In due time, the timber, dry and hardened Welsh Oak, was sawn and moulded into various patterns and sizes and, with oak faced three ply, sufficient oak panelling became available to cover the Library, up to door-frame height. At the same time, the squad Carpenter constructed oak shelving and fixed the shelves at various intervals at right angles to the walls. The Jubilee Trust Fund donated a sum of £200., towards the cost of this work. A small plaque was erected in the Library, recording a tribute to the responsible Artist, once a Colliery Carpenter.

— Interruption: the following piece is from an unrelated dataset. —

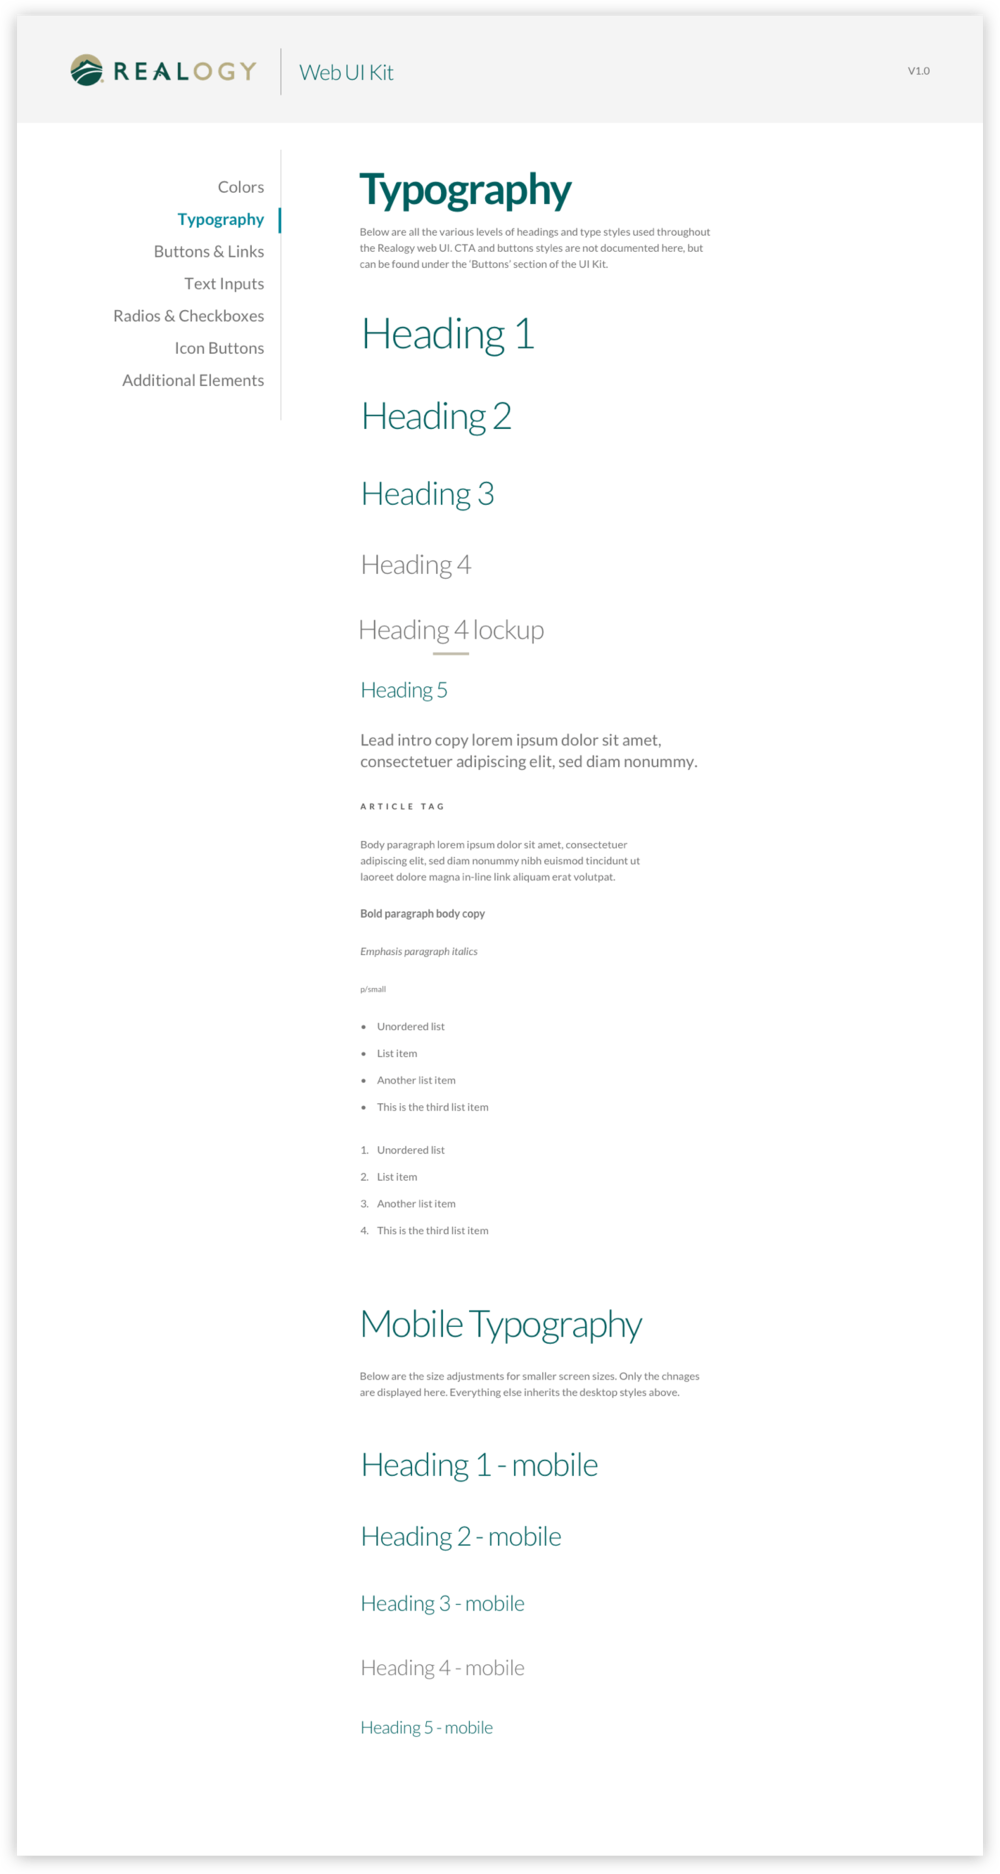 Realogy_UI_Type.png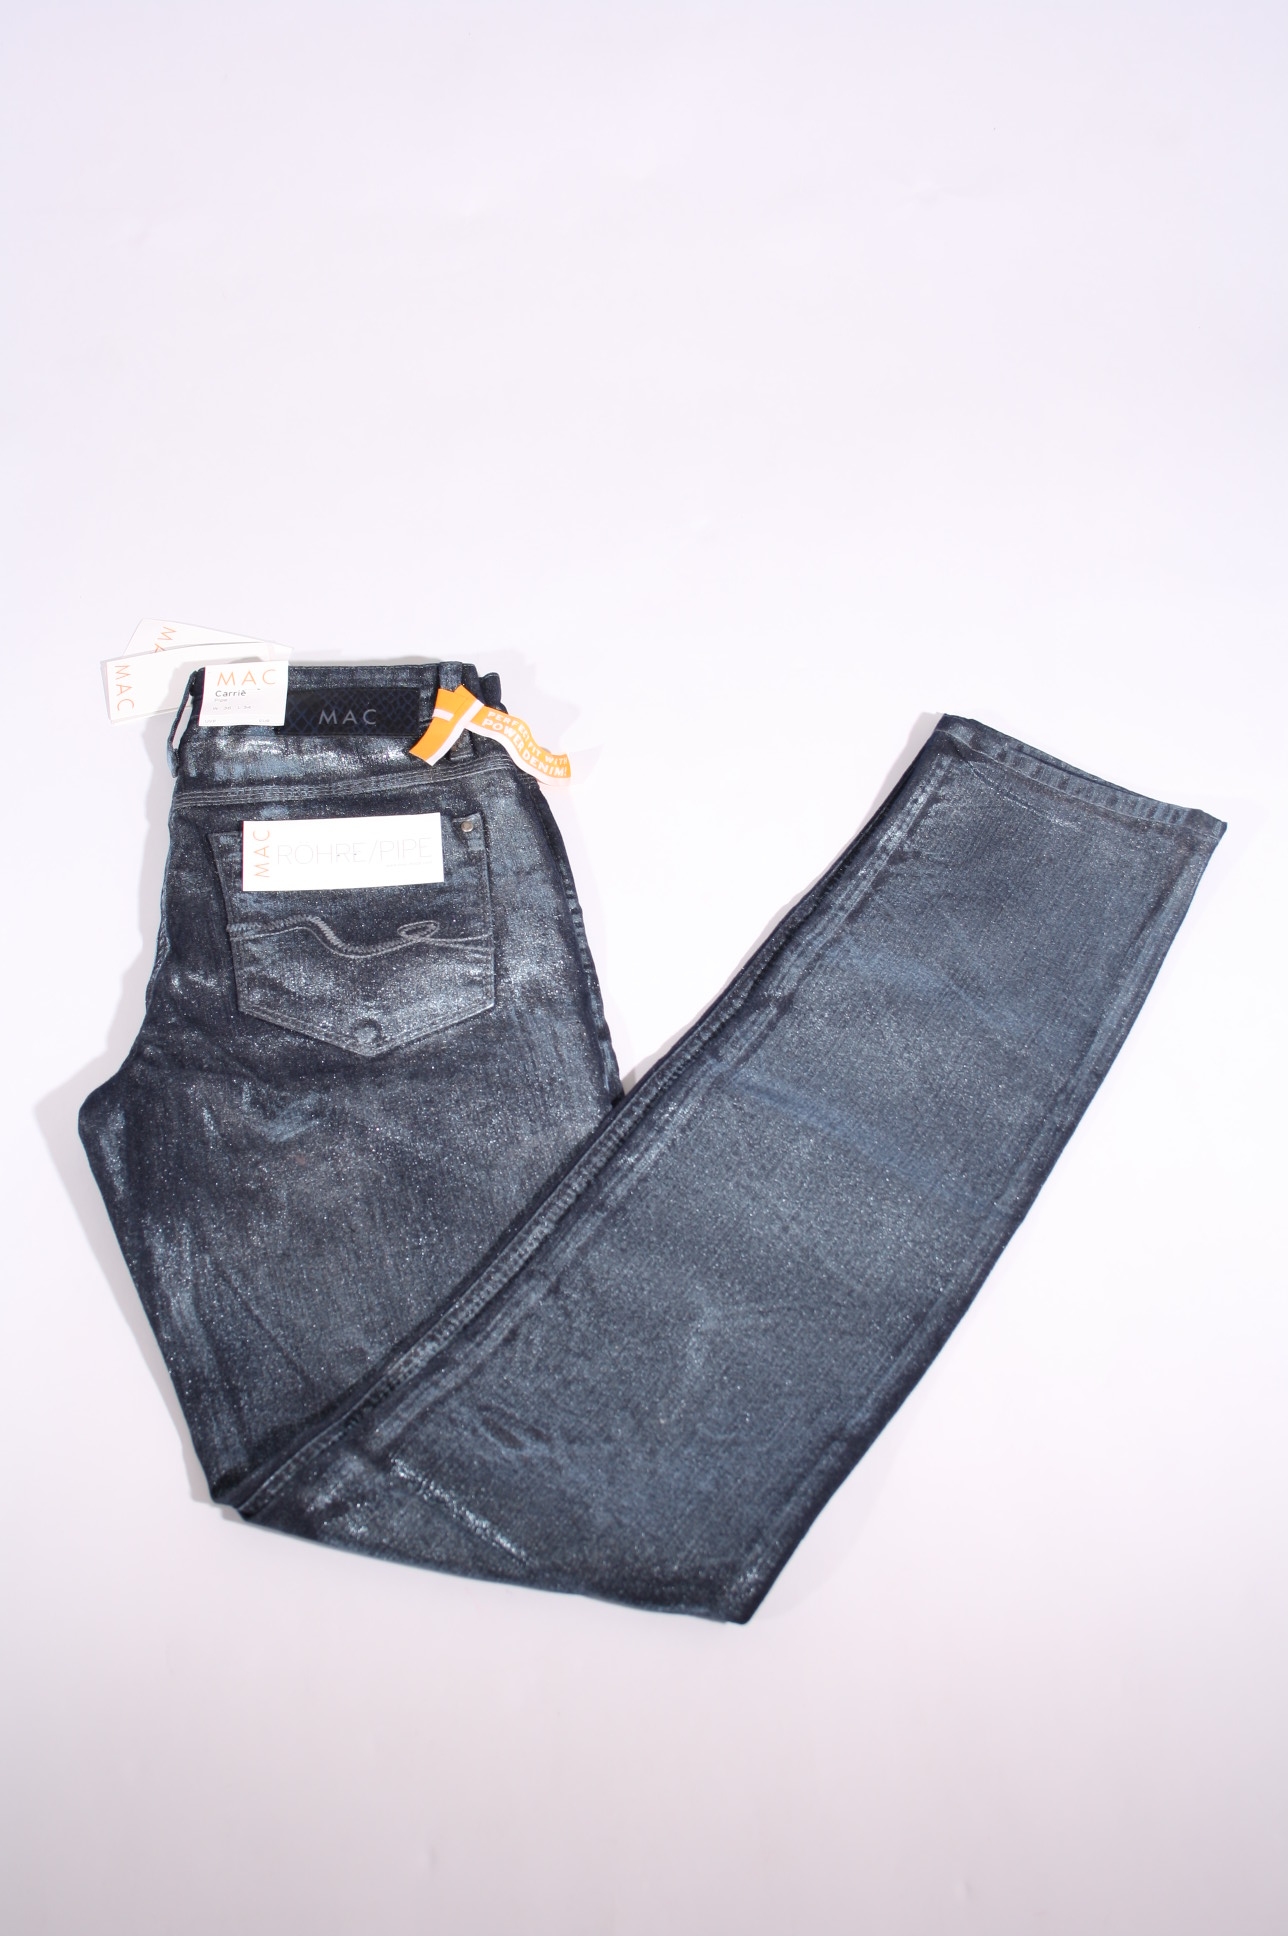 mac stretchhose jeans carrie pipe 0307 96 d060 dunkelblau. Black Bedroom Furniture Sets. Home Design Ideas

Section 5. "Chapel Produced by Faith".

The Ministry of Education had been requested by the Council's Executive Committee to consider granting permission to erect a College Chapel with Warden's quarters over it, and that the work should be included in the 1948 building programme.

In due course, the Committee received information that it was a statutory ruling that grant aid could not be made available for the building of a Chapel or Church edifice; neither would staff sleeping quarters be eligible for financial assistance. The Ministry indicated, however, that every effort would be made to obtain a building licence from the Ministry of Works.

The decision of the Committee favoured early arrangements to embark upon work to build a chapel to seat 130 people according to the prepared plans, and warden's quarters over it. The added height of the Warden's flat, over the chapel would have the effect of a small wide tower sited in the foreground of Coleg y Fro, in addition to being both conspicuous and pleasing.

Enthusiasm of YMCA members greeted the decision to proceed with the erection of a College Chapel at Coleg y Fro. The funds of the project would have to be contributed by all Association Units in Wales, both men and women. The cost of £4,000 required strenuous endeavour from every section of the Movement.

The initial response, even before a brick had been laid, predicted that the funds needed to complete the project would be forthcoming. Port Talbot pledged a donation of £500. The surplus from the tented Canteen of the Bath and West Show in Cardiff, £200; several associations promised £100, lesser sums from various local YMCAs, and members contributions, resulted in £2,000 being promised before an appeal letter had been sent out.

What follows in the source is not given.